80 mcg sounds like nothing at all. With a TSH like that you need the maximum increase of 25 mcg - and probably a couple more increases at six weekly intervals after that.
goose....i would be interested to know how you feel about taking thyroid medication at night as the OP indicated he does. i have heard this can be good for absorption as there is less chance of calcium interfering with uptake. my endo suggested this as I am also on steroids requiring food with dose. my pharmacist, however, strongly discouraged this as it will 'confuse the body, interrupt circadian rhythm, and fail to properly replicate a healthy physiological thyroid response'. stefcon....did you notice any difference when switching to nighttime dose?
I think, like everything else to do with thyroid, it suits some people but not others. There should be no hard and fast rules laid down about what you should and shouldn't do. People should be free to find out what suits them best. I certainly wouldn't take advice from a pharmacist! Not on any subject.
I've tried both, and personally, don't find any difference in the way I feel. At the moment, I take mine in the morning, because it fits in better with my eating patterns and the other things I need to take. But, either way is ok by me.
Other people find they feel much better in the morning, when they take it at night. I think a hypo's body is already pretty confused, so a little more won't make much difference. However, I do believe that the bulk of T3 is produced during the night, when all the reparation and regeneration is taking place. So, I would be inclined to disagree with the pharmacist.
I tried taking Levo at night because some people rave about it. I only took 25mcg at the time. I didn't sleep a wink for a full week. By which time I was on my knees and went back to morning dosing. Others love it. Just goes to show how different we are.
oh boy!!! very glad you said this. travelling for work right now. you could have saved me from a very miserable business trip if I had the same experience.
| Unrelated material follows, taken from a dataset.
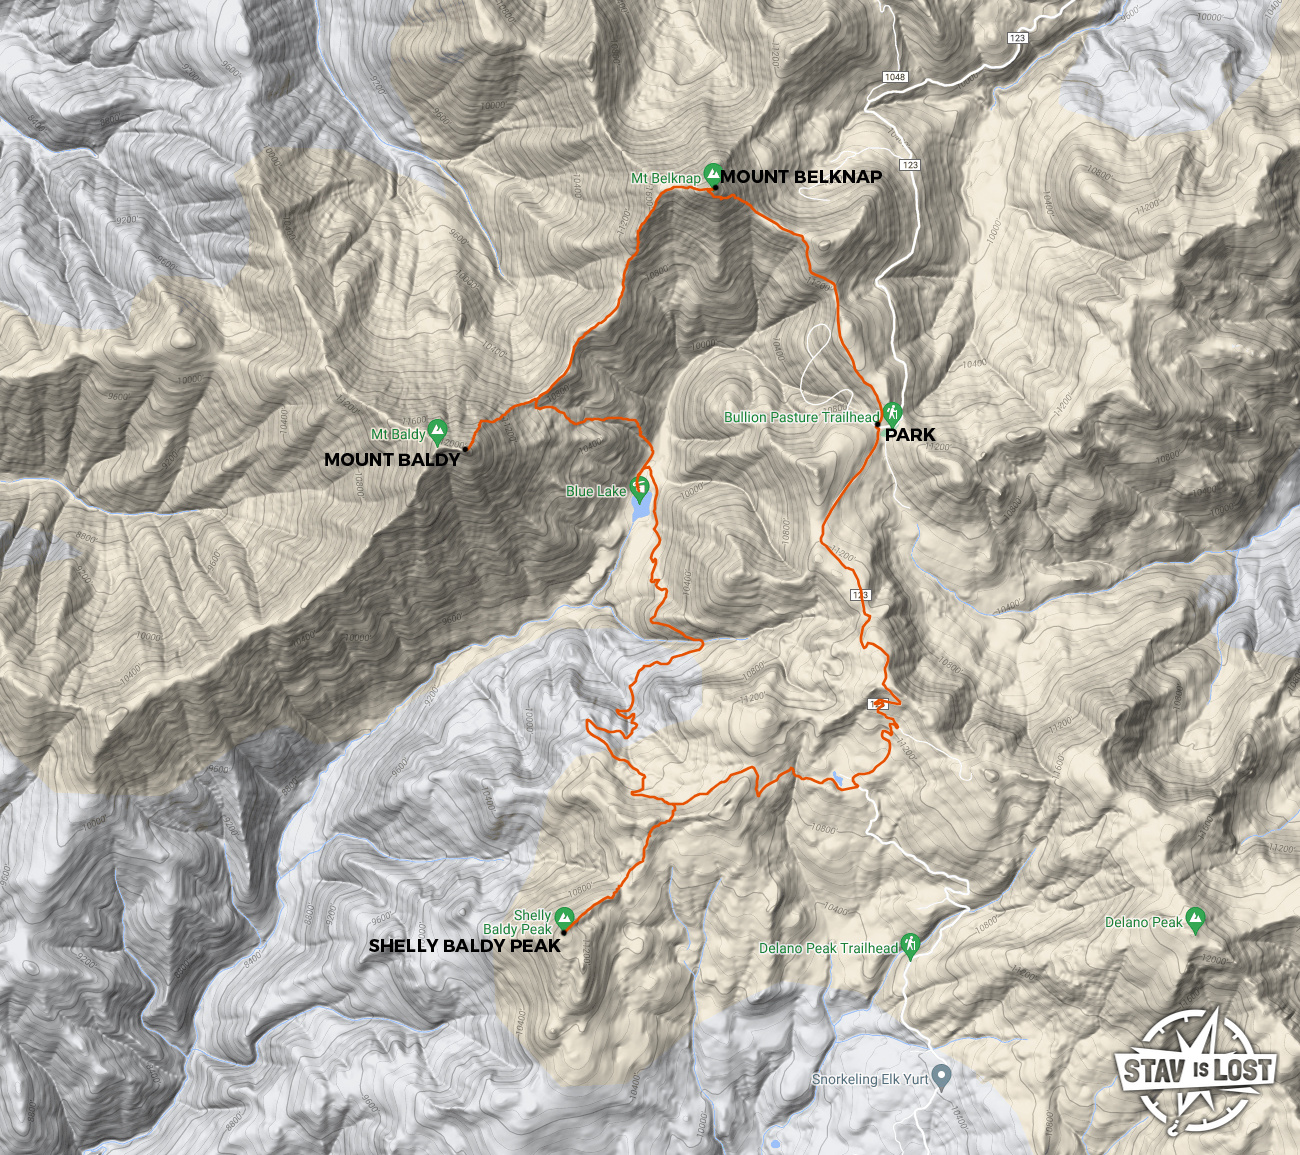 map for Mount Belknap, Mount Baldy, Shelly Baldy Peak by stav is lost

I agree about the reparation. Our bodies are smart; they accomplish a lot when we're sleeping. I do talk with my pharmacist about meds sometimes but more to find out how some meds are affecting patients in real time. But I don't ask them for medical advice. In fact more and more I trust myself and my own research more than some of my doctors. I think it's my gut feeling I trust and my Bull#@$& detector.🐱
Yep. I try to. When I don't, things don't go well. It's a good life rule too. Don't try to control the Universe. Just let it work for you. Sometimes very hard for me to get out of my own way.🐱
In my not inconsiderable experience, the 25 mcg increases are justified 99% of the time. But no-one should be dosing by the TSH. The important number is the FT3, the TSH, once it's down under one, is more or less irrelevant. You should dose to keep it in-range. Yes, if the TSH is suppressed, it will shut-down the thyroid, but so what? The thyroid is not capable of supplying enough hormone to keep you well, anyway. And, the great thing about thyroids is that, if you run out of levo or whatever, it will just bounce back and carry on where it left off. An awful lot of hypos need an amount of thyroid hormone that will suppress their TSH, and reducing the dose to keep the TSH in-range, will just lead to keeping the patient sick. Of course a blood test is just a snap-shoot, but it's the best guide we have, and should only be used in conjunction with how you feel, anyway. It's not set in stone.
However, I'm afraid antibodies will not give you any idea how fast the disease is progressing. They will just tell her if she has Hashi's. Not all cases of hypo are caused by Hashi's, so not everybody has antibodies - not even all Hashi's people have antibodies. The number of them certainly doesn't tell you anything about the state of the Hashi's, either, because antibodies fluctuate. They are highest just after an immune system attack on the thyroid, when they come in to clear up the 'mess'. They then reduce again. So, you cannot deduce anything much about your hypothyroidism from testing them.
It's necessary for the majority of people on here. They cannot be well with an in-range TSH. And, as for the HPT axis, that is already compromised when you start to take thyroid hormone replacement. I know about conversion, but that is only one thing that needs to be taken into consideration. So, what are the other endocrine processes the TSH is related to?
Besides, I wasn't telling the OP to suppress her TSH, I was just saying that raising the levo to 80 mcg is hardly likely to bring her TSH down into range, so I don't really know why we're discussion a suppressed TSH. But, as we're on the subject, what, according to you, are the long-term 'dangers' of a suppressed TSH?
let me get a direct response to you. i do not want to further confuse this thread. i missed the post regarding RAI and apologize for my misunderstanding. let me clean this up and maybe start something new to discuss suppression.
The OP hasn't got a thyroid anymore after RAI, so it can't be "shut down". Needs a full replacement dose to remove symptoms. 25mcg is the usual increase, esp since most people are aiming for a TSH or between 0.2 and 1.